The new 23-mile road runs north along the east coast of the peninsula to Mt. Kumgang, which is revered by Koreans. Until this week, tourists had to take a cruise ship on a circuitous journey into international waters to visit the mountain resort, a diversion that took four hours and added hundreds of dollars to the cost of the trip.

The tour buses that traversed the road Friday were festooned with garlands of flowers and made for an incongruous sight as they cruised past a forbidding tangle of concertina wire, concrete tank barriers and triangular signs warning of land mines.

The convoy moved slowly, in keeping with the DMZ's speed limit of 6 mph. The 21 buses followed a winding two-lane paved road that has long been used by South Korean military patrols, before turning off onto the narrow dirt road newly built for the visitors.

Before long, they passed three parallel barbed-wire fences -- the military demarcation line that separates South from North. The dense vegetation of the South Korean side, a pristine wilderness untouched for half a century, gave way to a landscape as barren as a desert. On the North Korean side, there were only boulders and stumps, all the trees having long since been chopped down for firewood. Stone-faced guards in pea-green jackets stared unwelcomingly at the visitors.

But the North Koreans later staged an elaborate welcome for the tourists at Onjungri, the village where the Kumgang tourist complex is located, complete with balloons, bands, majorettes and long speeches. It appeared that the North Koreans were determined not to let a nuclear crisis spoil their party.

"The successful result of the overland route to Mt. Kumgang shows that our nation can do anything despite the interference of foreign powers," said Bang Jung Sam, the North Korean head of the Kumgang tourism association, alluding to the United States.

"This is a tourism event," Bang said. "Don't bring politics into it."

Despite the North's best efforts, the festivities were tinged by rising fears of a confrontation over nuclear weapons.

"They are very nervous about the situation. They will not show it," said Kim Yoon Kyu, president of the South Korean conglomerate Hyundai Asan, which is running the tours.

Kim Young Oak, a South Korean scholar, drew a parallel with another famous Cold War barrier.

"When the Berlin Wall collapsed, millions of people celebrated," he said. "Today, we're celebrating."

An estimated 550,000 people have visited the Kumgang area since Hyundai Asan started offering tours in November 1998. The company hopes that the land route and lower price -- roughly half the $500 cost of a cruise -- will sharply boost the number of visitors, to 300,000 this year from 100,000 in 2002.

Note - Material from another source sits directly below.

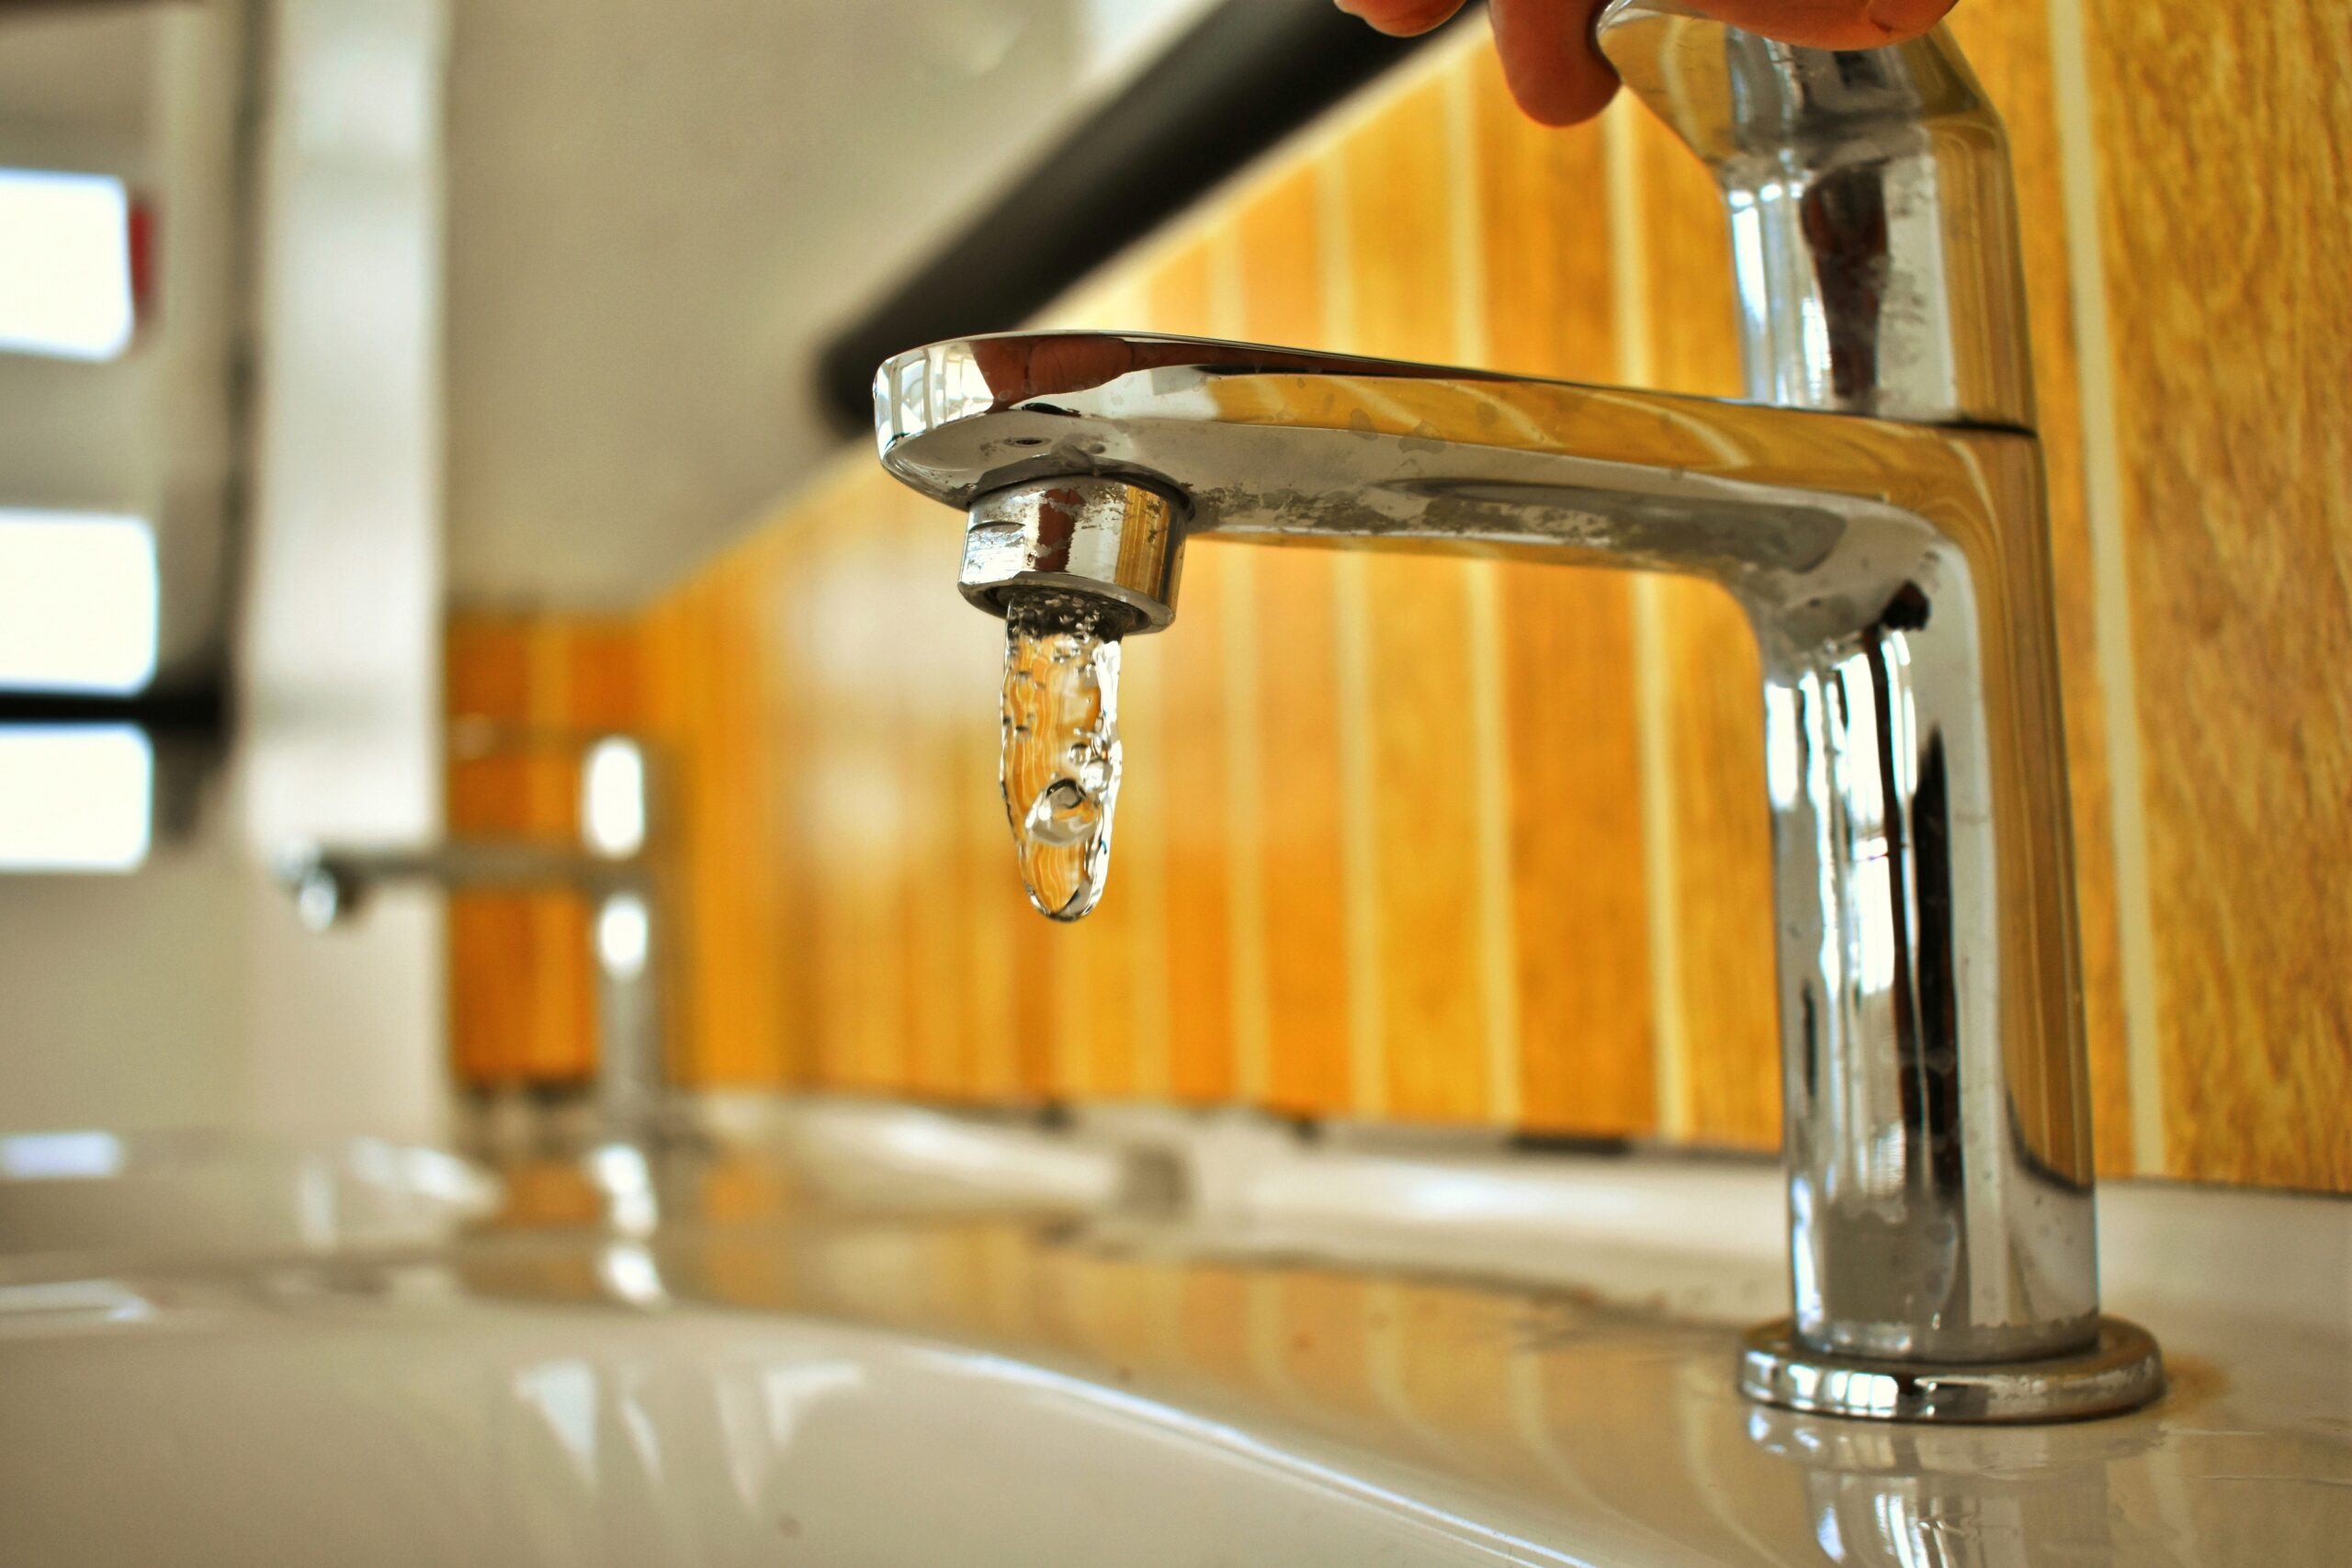 Live blog: No tap water in Waadhoeke

"I'd like to go now that there's a road," said Kim Soon Ja, a 35-year-old Seoul homemaker. "The cost makes a big difference."

Hyundai plans to add a ski resort and golf course to the complex, amid talk that private cars might eventually be allowed.

"I'm so happy," said a 29-year-old North Korean guide at Mt. Kumgang. "You can drive to North Korea. My heart is overcome."

South Korea has been hit in recent weeks by revelations that Hyundai helped channel nearly $200 million to North Korea to secure the historic North-South summit in June 2000 that ultimately led to a Nobel Peace Prize for South Korean President Kim Dae Jung.

The president acknowledged Friday that the government knew about the payments and apologized to the nation, an admission apparently timed to coincide with the road opening. The disclosure also appeared designed to ensure that the incoming administration of Roh Moo Hyun starts off with a cleaner slate.

Political analysts said it remains to be seen whether the damage-control strategy will work. But in a nation where corruption is deeply rooted, some South Koreans seemed to take news of the payments in stride.

"They should have been more open about what they were doing," said Han Myong Ho, a 44-year-old food industry worker who lives in Seoul. "Still, everything has a price, and I don't think it was a waste of money."

For older South Koreans, the open road was something of a dream.

"I never gave up hope that such a day would come," said Park Ie Sang, a 77-year-old North Korean-born locksmith living in Seoul who fled south in January 1951.

"I just hope someday North Koreans will come south along this same road."